> _DATA FOR THE TASK_
—————

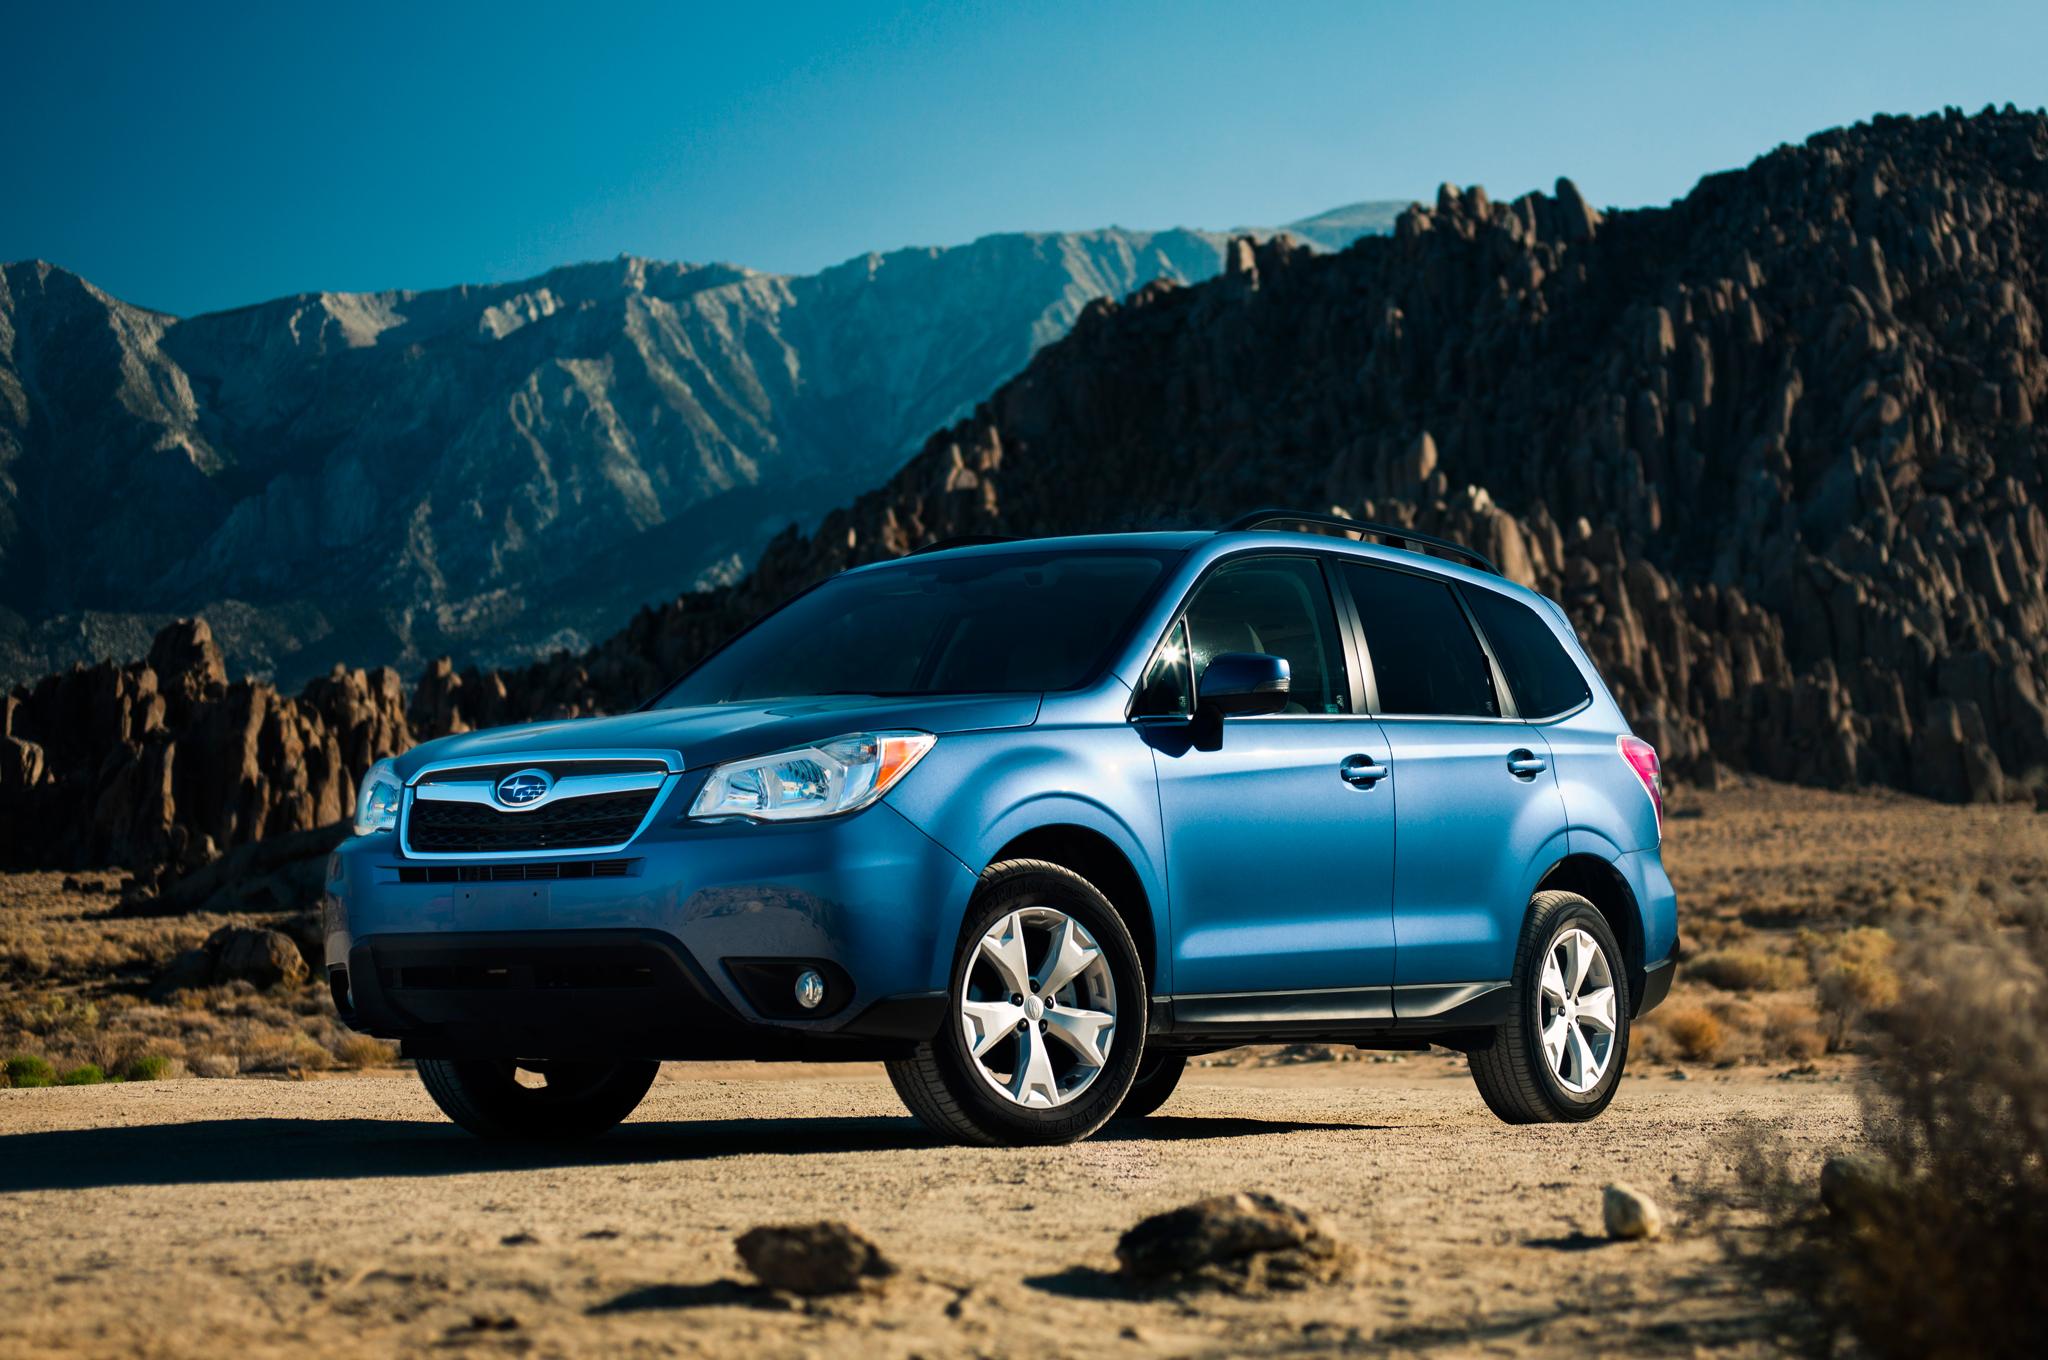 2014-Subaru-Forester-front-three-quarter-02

—————

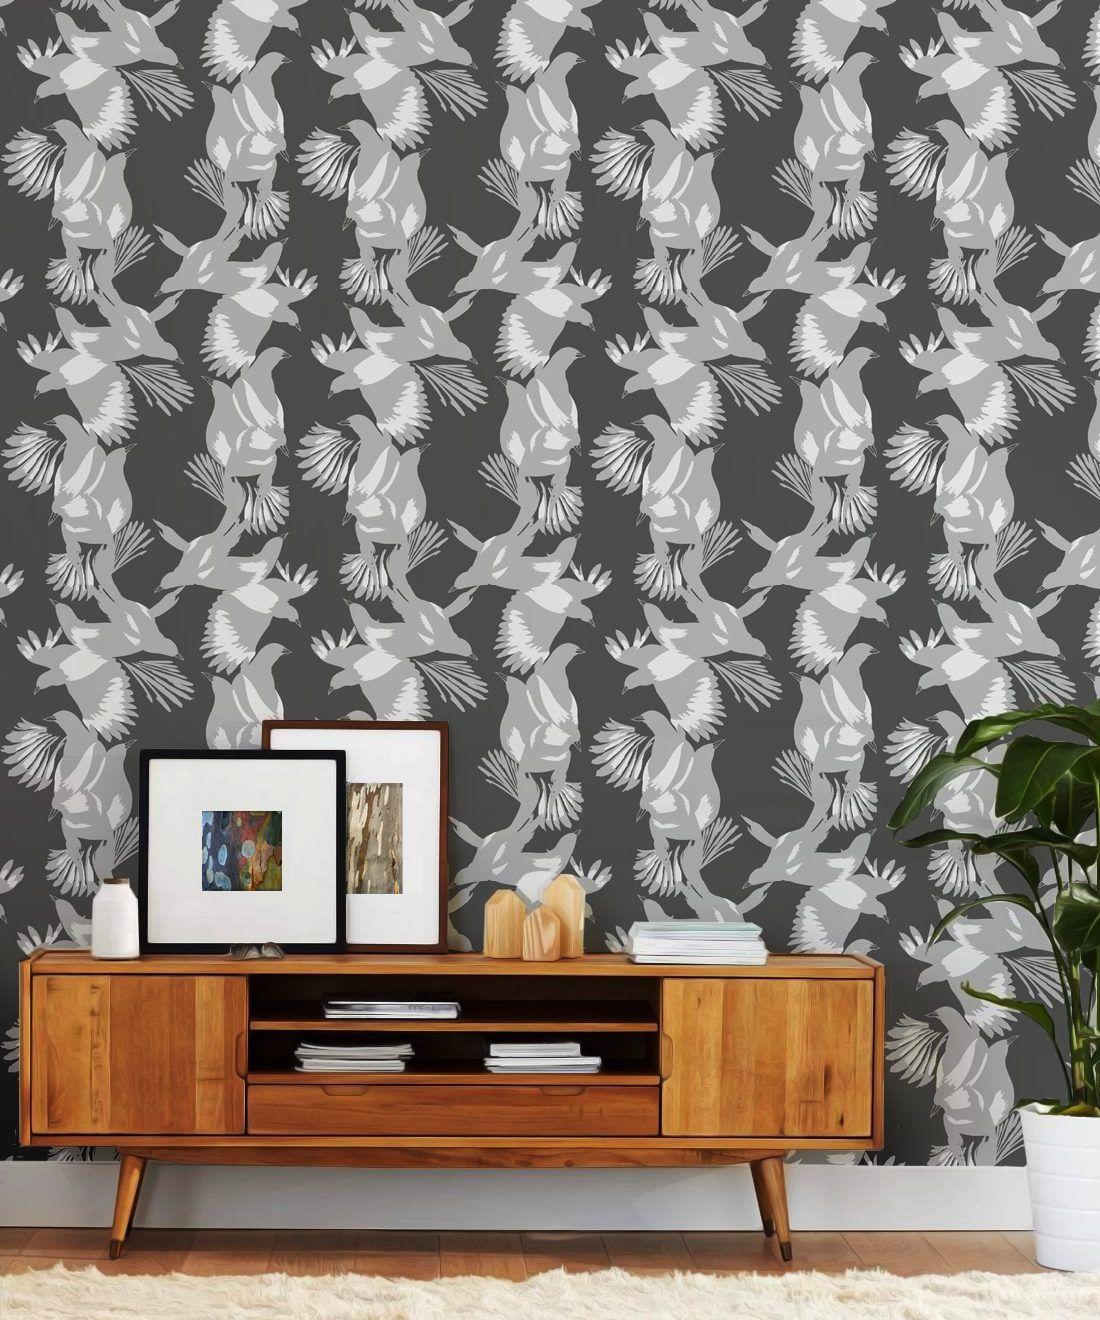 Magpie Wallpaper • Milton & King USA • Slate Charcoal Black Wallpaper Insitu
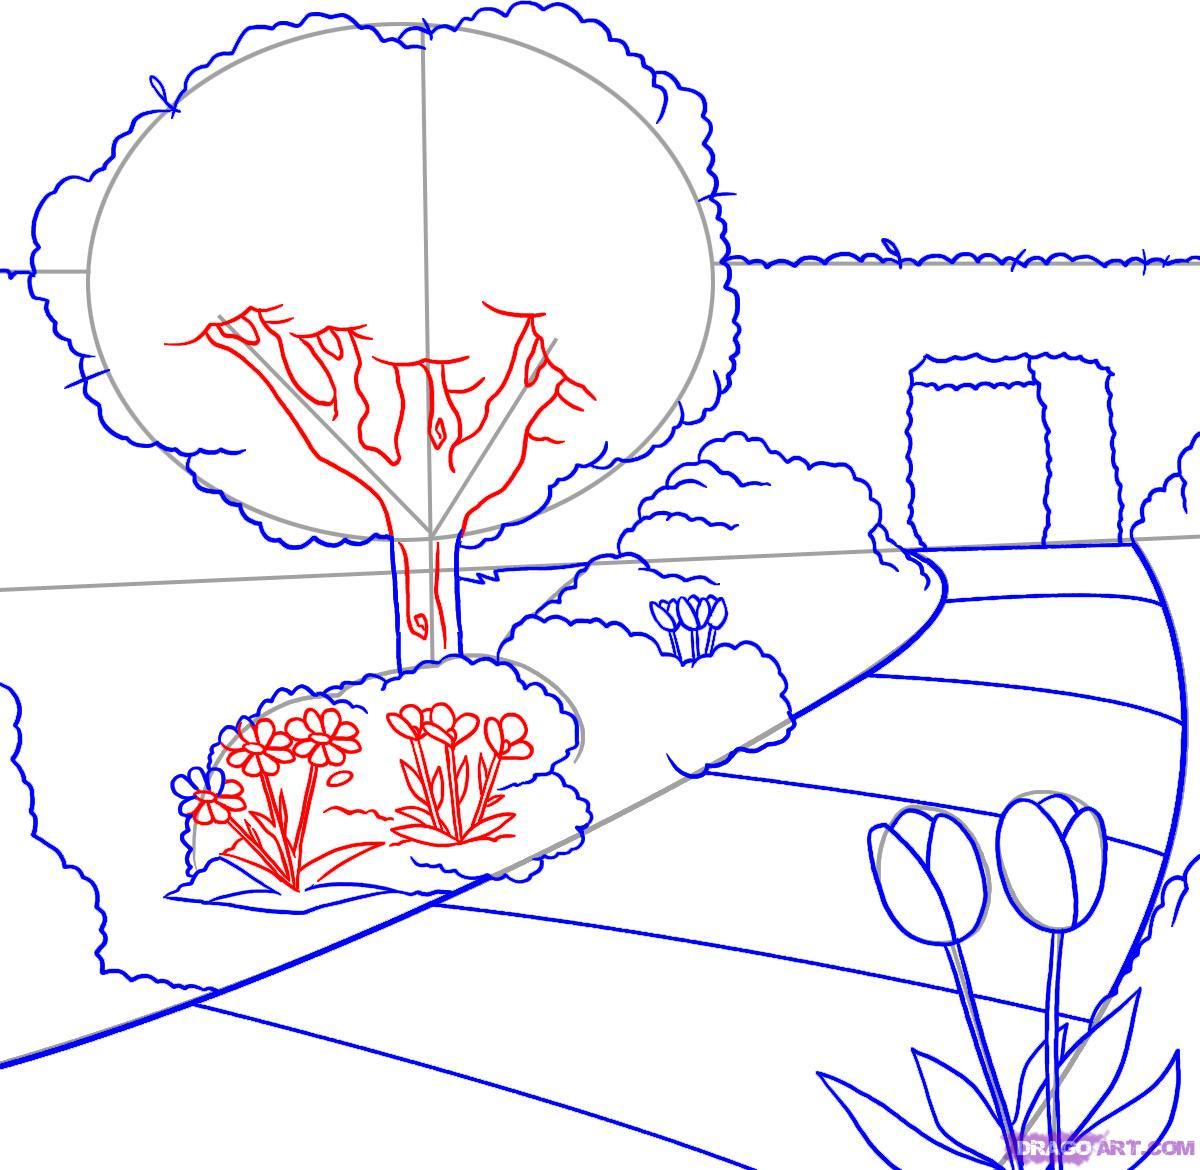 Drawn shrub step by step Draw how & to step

—————

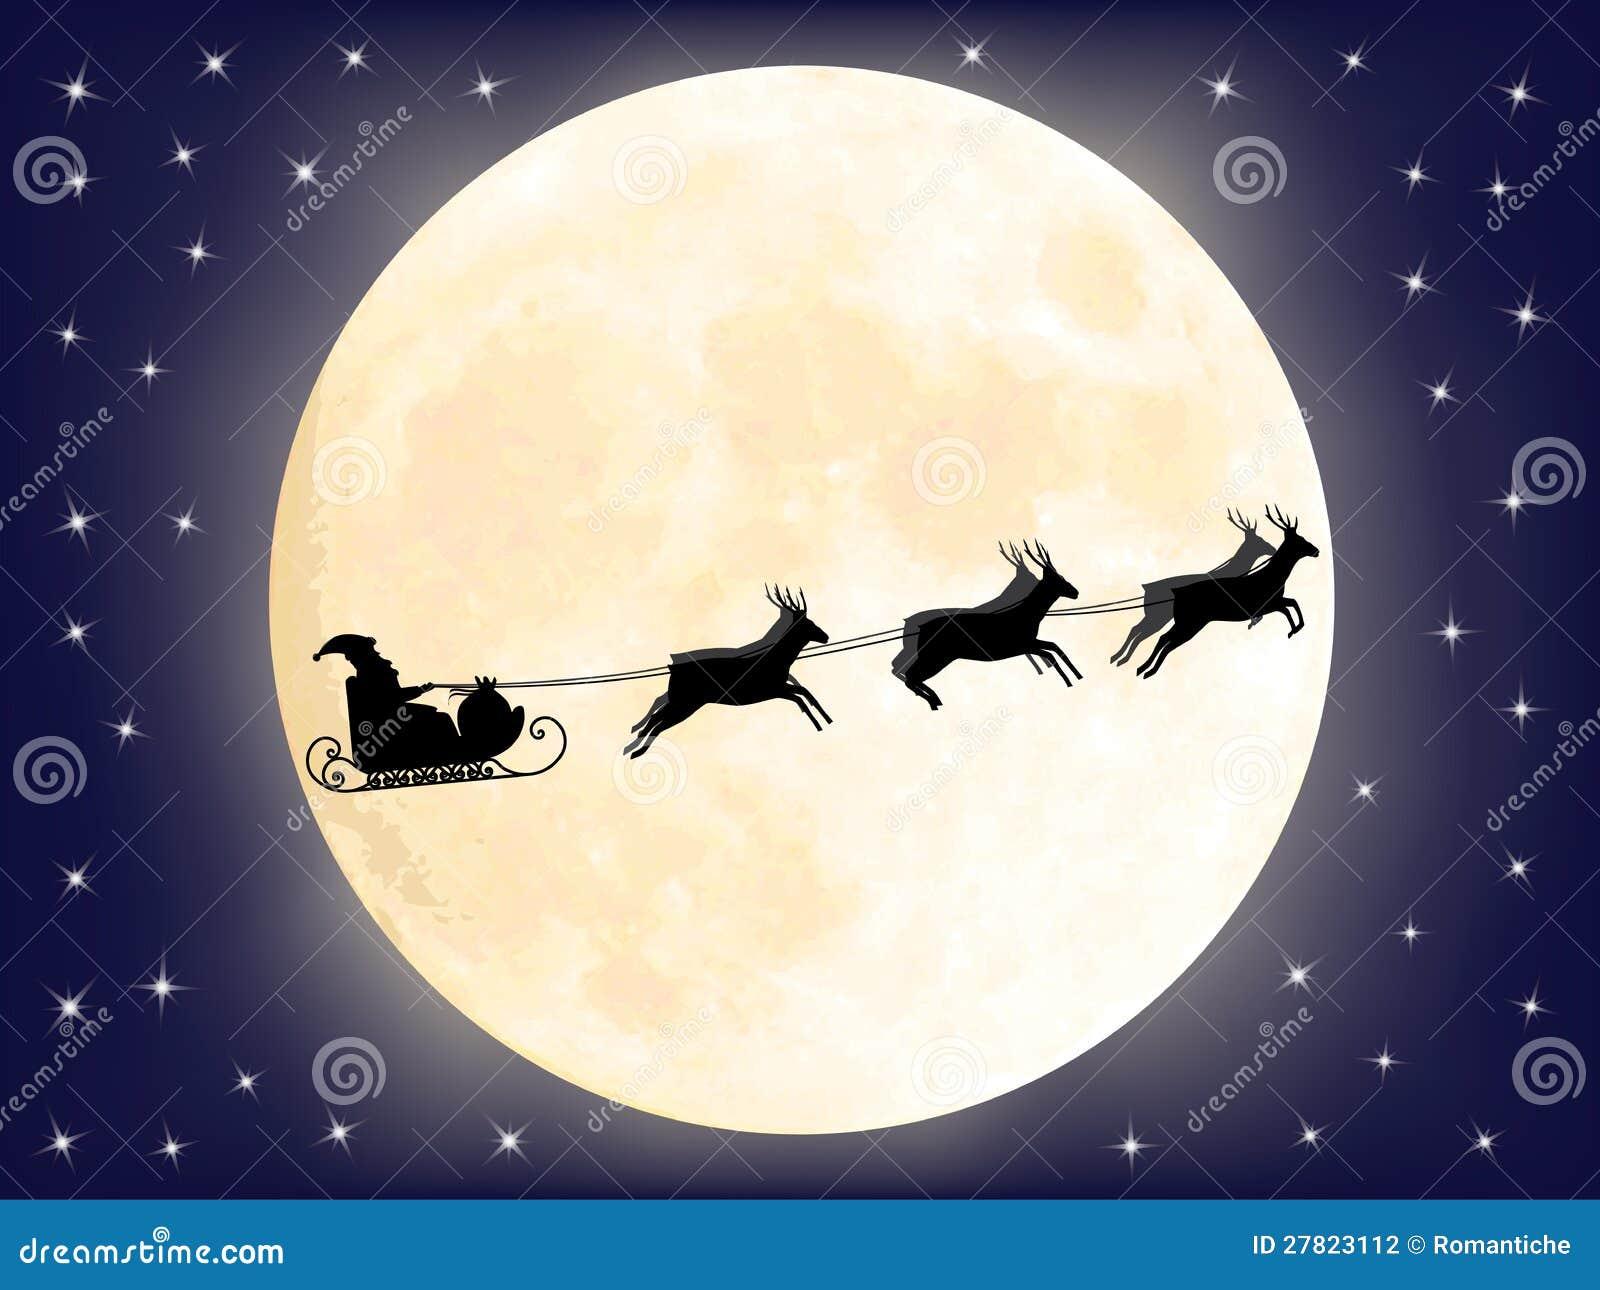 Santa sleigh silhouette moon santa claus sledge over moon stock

—————

> _ACTION ITEM_
Each line above starting at the one holding "Magpie Wallpaper •" and ending at the one holding "Drawn shrub step by step Draw how & to step" should be set down exactly as it stands, both ends included, with no pictures.

> _ANSWER SPACE_
 Magpie Wallpaper • Milton & King USA • Slate Charcoal Black Wallpaper Insitu
 Drawn shrub step by step Draw how & to step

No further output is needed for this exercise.